The CPT® Editorial Panel is responsible for maintaining the CPT code set. The panel is authorized by the AMA Board of Trustees to revise, update, or modify CPT codes, descriptors, rules and guidelines. The panel is composed of 17 members.

  1. Healthplans currently require psychotherapists to combine services which each have a unique CPT code into a single CPT code. 

  2. Healthplans assert that the committee that maintains CPT codes has rules that do not allow the use of CPT codes that would support value-based contracts. There is no reason that Healthplans cannot create special codes for commercial contracts.

  3. Merging unrelated and clearly distinct services into a single CPT code for services hides the service provided and invalidates accounting and auditing for those services.

  4. Psychotherapists required to provide multiple services and to submit claims for those services with CPT codes which do not meet CMS standards are vulnerable to allegations of fraudulent billing practice (i.e. up-coding, down-coding, or miscoding).

  5. Requirements for services that cannot be correctly defined by a reimbursable CPT code will invalidate utilization and quality of providers’ outcome and satisfaction measures.

  6. Inclusion of non-treatment services in a CPT code designated for treatment takes time away from providing therapy services and involves miscoding and/or down-coding.

  7. Up-coding, miscoding and down-coding hide the true nature of services, costs and value. These errors are defined by CMS as violations of General Auditing Procedures (GAPs).

  8. Healthplans are requiring levels of documentation detail for “medical necessity” that violate federal “Minimum Necessary” regulations.

  9. Healthplans charting requirements are based on charting methods developed in the 1980s. These methods ignore 40 years of research on psychotherapy effectiveness and its medical benefits.

  10. Healthplans are requiring psychotherapists to perform self-audits and are unwilling or unable to provide guidance regarding errors and irregularities, instead referring contracted psychotherapists to the Oregon Health Authority.


References

  • Clinical Necessity Guidelines for Psychotherapy, Insurance Medical Necessity and Utilization Review Protocols, and Mental Health Parity. May 2018  Journal of Psychiatric Practice 24(3):179-193

  • Revisiting Offsets of Psychotherapy Coverage. Benjamin Ly Serena. Department of Economics. University of Copenhagen February, 2021

  • The Medical Offset Effect: Patterns in Outpatient Services Reduction for High Utilizers of Health Care. Crane & Christenson. Contemporary Family Therapy. · June 2008

  • The Medical Offset Effect: Patterns in Outpatient Services Reduction for High Utilizers of Health Care. Contemporary Family Therapy.· June 2008.

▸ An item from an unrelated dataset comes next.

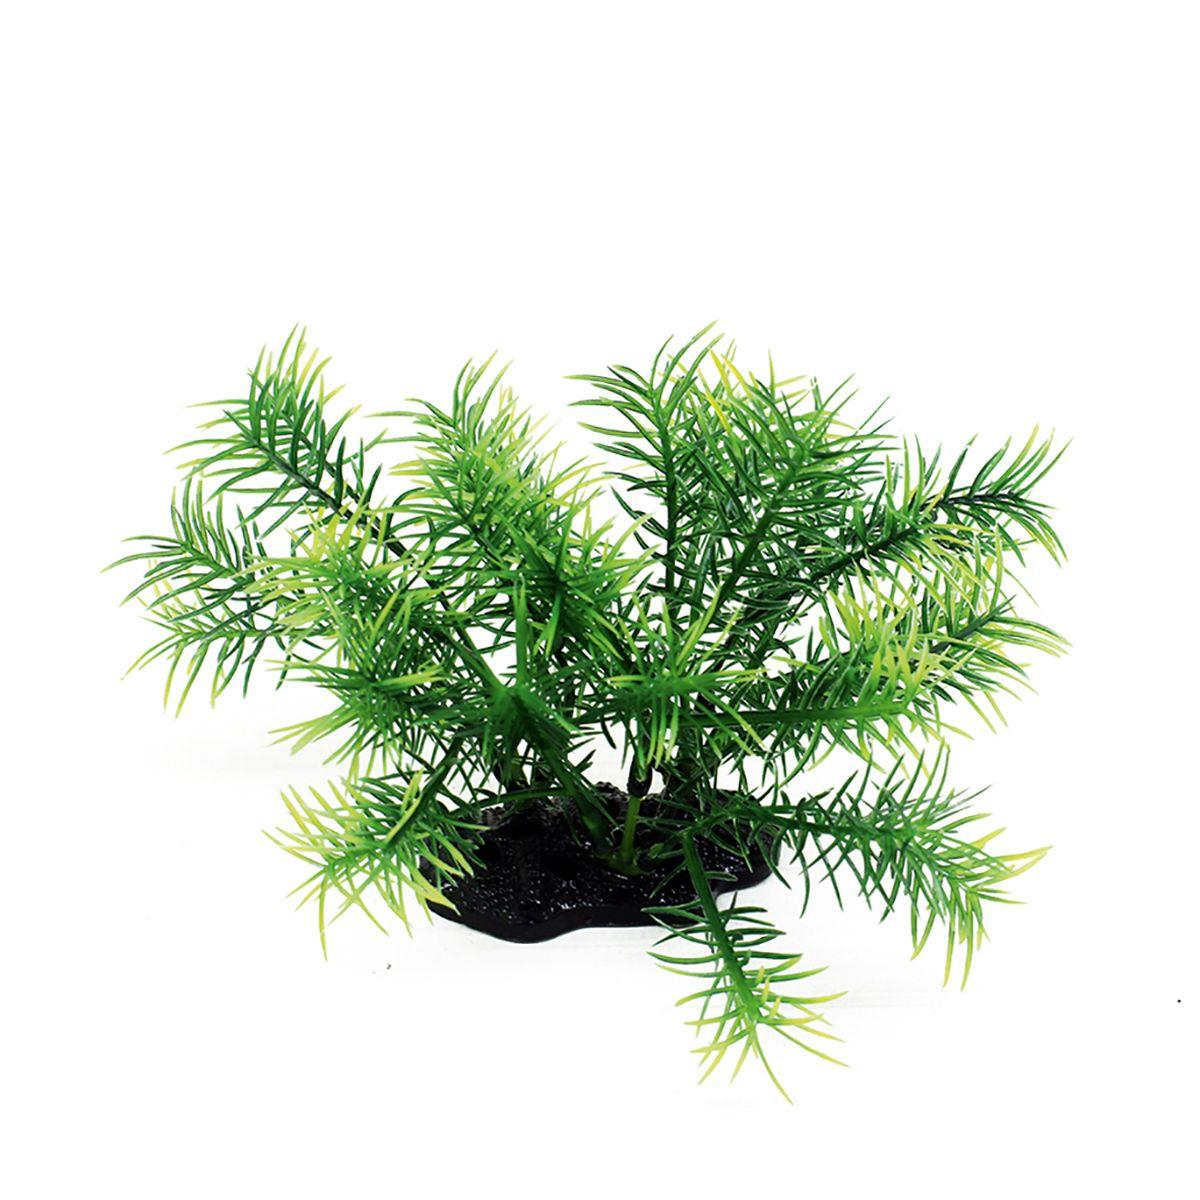 Растение для аквариума ArtUniq Погостемон Эректус, высота 10-12 см0120710Композиция из искусственных растений ArtUniq превосходно украсит и оживит аквариум.Растения - это важная часть любой композиции, они помогут вдохнуть жизнь в ландшафт любого аквариума или террариума. Лучше всего это сделают яркие и сочные цвета искусственных растений серии ArtPlants. А их сходствос природными порадует даже самых взыскательных ценителей.
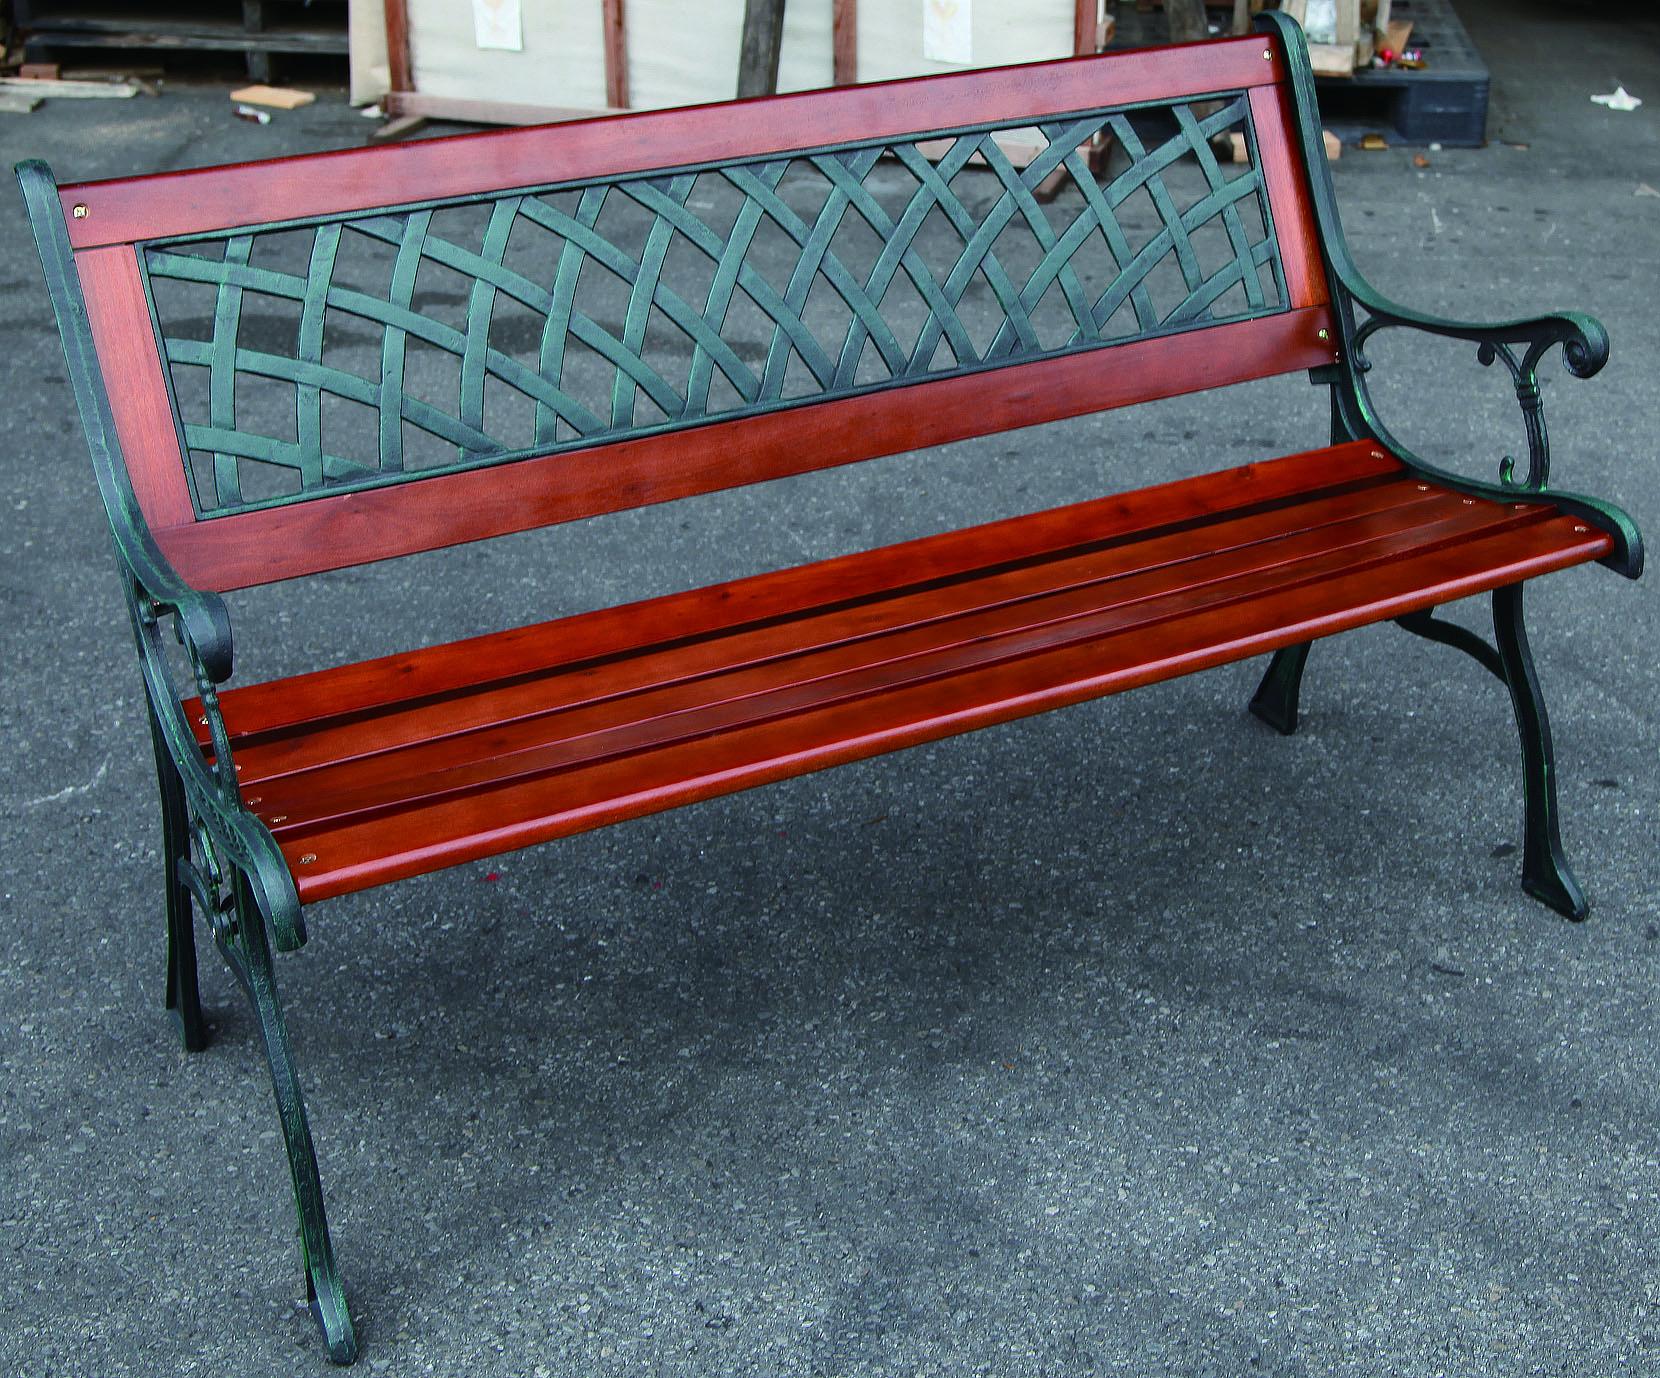 クロスベンチ 木製 ガーデンチェアー ガーデンベンチ 長椅子 イス チェア チェアー 椅子 おしゃれ アンティーク モダン レトロ

  • Depression Treatment: The impact of treatment persistence on total healthcare costs. Melek, Halford & Perlman, Milliman, June 2012.

  • Improving Clinical Outcomes for Digital Self-Care. Brown & Jones. https://societyforpsychotherapy.org/improving-clinical-outcomes-for-digital-self-care. Society For Psychotherapy. 2021.

  • Are You Any Good…as a Therapist? Brown, Simon, & Minami. https://societyforpsychotherapy.org/are-you-any-good-as-a-therapist. April 2015.

  • GRID Charting and Training. An AMHA sponsored Training to “audit proof” a psychotherapy practice.